New York Times bestselling author Lee Strobel trains his investigative sights on the hot-button issue of whether it's credible to believe God intervenes supernaturally in people's lives today.
This provocative book starts with an unlikely interview in which America's foremost skeptic builds a seemingly persuasive case against the miraculous. But then Strobel travels the country to quiz scholars to see whether they can offer solid answers to atheist objections. Along the way, he encounters astounding accounts of healings and other phenomena that simply cannot be explained away by naturalistic causes. The book features the results of exclusive new scientific polling that shows miracle accounts are much more common than people think.

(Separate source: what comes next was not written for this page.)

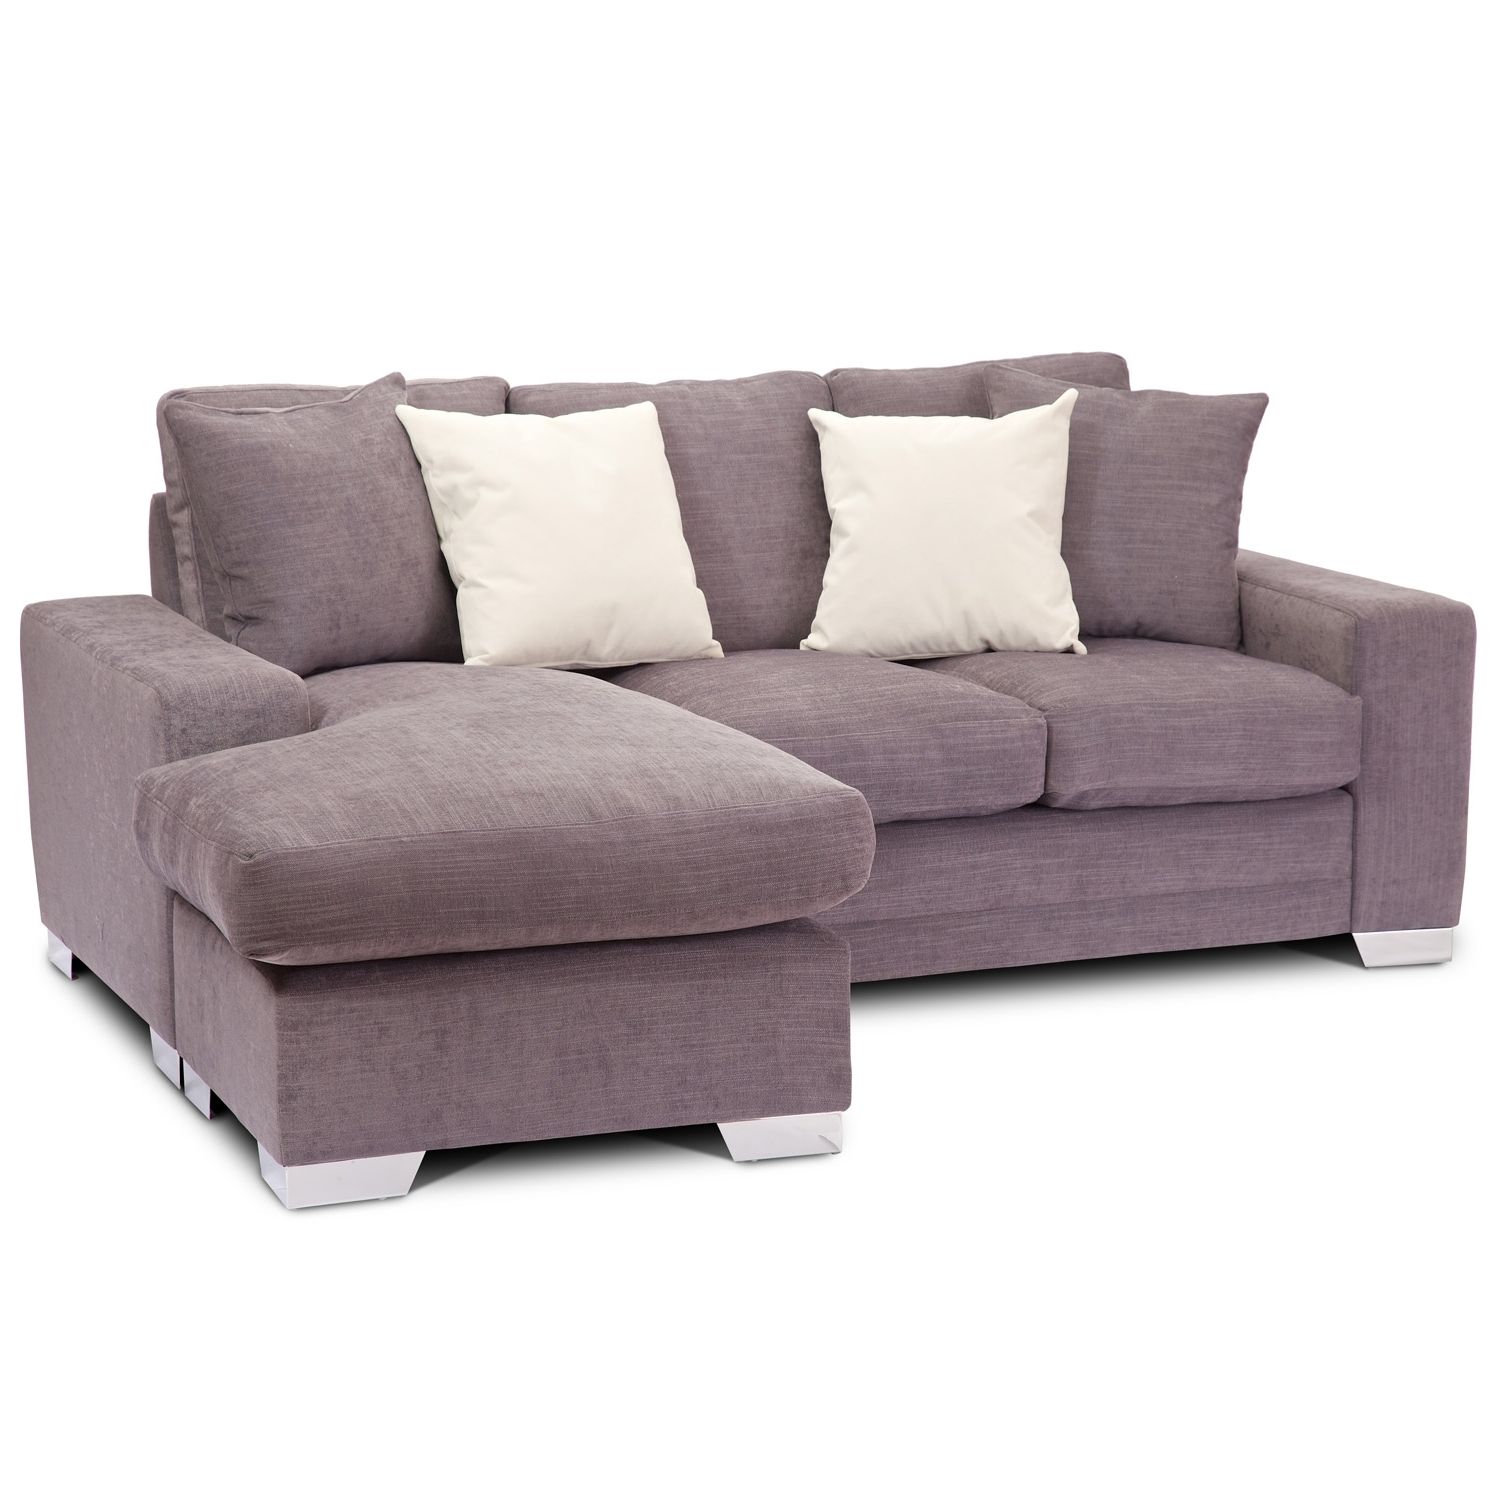 Trendy Chaise Lounge Sofa Beds Pertaining To Sofas: Classic Meets Contemporary Chaise Sofa Bed For Ideal Living (View 10 of 15)

What's more, Strobel delves into the most controversial question of all: what about miracles that don't happen? If God can intervene in the world, why doesn't he do it more often to relieve suffering? Many American Christians are embarrassed by the supernatural, not wanting to look odd or extreme to their neighbors. Yet, The Case for Miracles shows not only that the miraculous is possible, but that God still does intervene in our world in awe-inspiring ways. Here's a unique book that examines all sides of this issue and comes away with a passionate defense for God's divine action in lives today.
Atheist-turned-Christian, Lee Strobel is the former award-winning legal affairs editor of The Chicago Tribune. He holds a Master of Studies in Law degree, as well as a journalism degree and was a professional journalist for 14 years, winning Illinois' top honours for investigative reporting and public service journalism from United Press International.
In 1981, after a two-year investigation of the evidence for Jesus, Lee received Christ as his Saviour, and subsequently became a teaching pastor at two of America's largest churches - Willow Creek Community Church, Chicago in 1987 and Saddleback Valley Community Church, California in 2000. In 2002 he left Saddleback's staff to focus on writing.
A New York Times best-selling author of nearly 20 books, he has been described by the Washington Post as "one of the evangelical community's most popular apologists." His journey from atheism to faith has been documented in the Gold Medallion-winning books The Case for Christ, Inside the Mind of Unchurched Harry and Mary and The Case for Faith.
His other best-sellers include Surviving a Spiritual Mismatch in Marriage, which he co-authored with his wife, Leslie; God's Outrageous Claims and What Jesus Would Say? Lee also shared the prestigious ECPA Jordon Christian Book of the Year award in 2005 for a curriculum he co-authored about the movie The Passion of the Christ.
Lee is also co-author of the Becoming a Contagious Christian training curriculum, which is used around the world. And his articles have been published in a variety of magazines, including Discipleship Journal, Marriage Partnership, The Christian Research Journal, Guideposts, and Decision. He is also a contributing editor and columnist for Outreach on-line magazine.
Lee and Leslie have been married for 33 years and live in Southern California. They have a daughter, Alison, and son Kyle who is married to Kellie, both Alison and Kyle are writers.